Heh yea A but B i had pondered about for some time. Had Sony kept with Cell, PS5 would be their 3rd generation and possibly have BC all the way back to PS3 titles to boot.

How dramatically different this generation’s video games would be today for such a timeline.
 
Heh yea A but B i had pondered about for some time. Had Sony kept with Cell, PS5 would be their 3rd generation and possibly have BC all the way back to PS3 titles to boot.

Cell was 100% a good bet in 2004 when Sony committed to it for PS3 but equally was 100% a bad bet in 2010 when Sony likely committed to PS4 hardware. Everything is obvious with the benefit for hindsight. :yes:
 
Cell was 100% a good bet in 2004 when Sony committed to it for PS3 but equally was 100% a bad bet in 2010 when Sony likely committed to PS4 hardware. Everything is obvious with the benefit for hindsight. :yes:
There was a dramatic shift it would appear around that time. Was mobile such a large threat to the industry such that MS went TV TV and PS wanted to go with easier to develop hardware ?

I wonder what type of future threats or considerations they must account for, for next gen. But it looks pretty positive imo, the console and games space is growing well
 
What do we need to get the cell's efficiency from a more traditional x86 architecture? I was thinking cell was fast because of the LS having ridiculously low (and fixed!) latency. It was literally like old school DSPs, 256k of registers.

I wonder if it would be possible to modify the zen architecture to have a local store to emulate cell, maybe repurpose half the L2 to behave like registers or something.
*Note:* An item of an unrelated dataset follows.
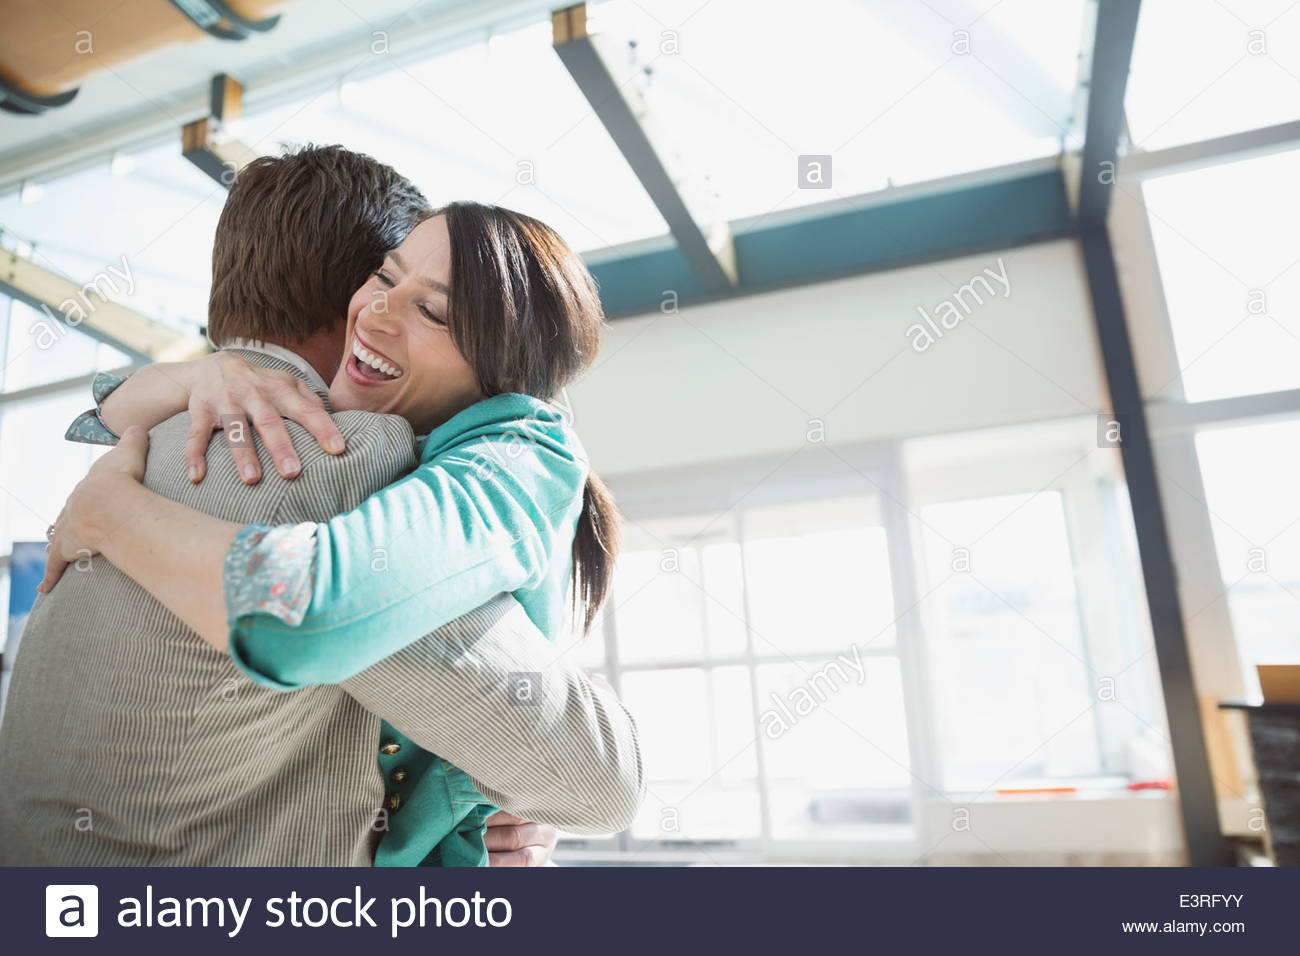 Begeisterten paar umarmt in Flughafen Stockbild
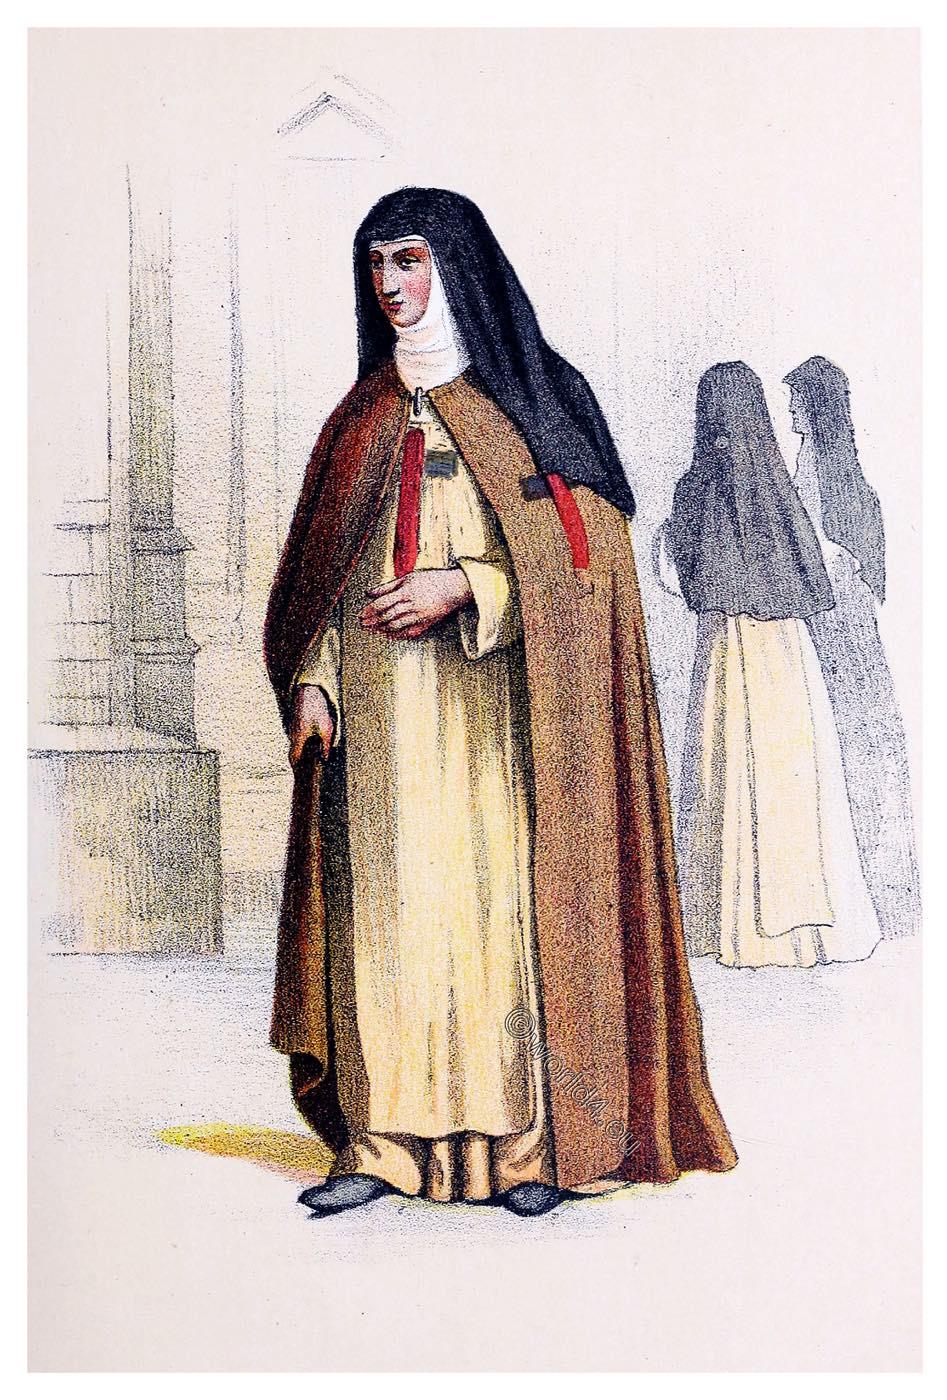 Trinitarian, nun, habit, Trinitarians, Religious, orders,

There is a good reason for sony to work on that, if they are serious about expanding psnow significantly, they'll either have to restart producing 40nm cells and waste rack space, or have emulation working efficiently on hardware that can play all of their library. The missing link is obviously getting cell code to work on x86.
 
Cell was before it's time. It hit consumer hardware before highly parallelised multi-threaded code was prevalent in gaming and Cell relied on these techniques to shine. Had Sony stuck with Cell for PS4 it a) would still have been the wrong choice but b) would have been a whole lot less of an issue because parallelised code was something all devs had learnt during the seventh generation of consoles.

It also didn't help that, with the PS3 implementation of Cell at least, developers had to code for three distinct processing elements with very different models between the PPC cores, the SPEs, and the GPU. Without being able to dump one of those elements in the next design, this would likely continue to annoy developers.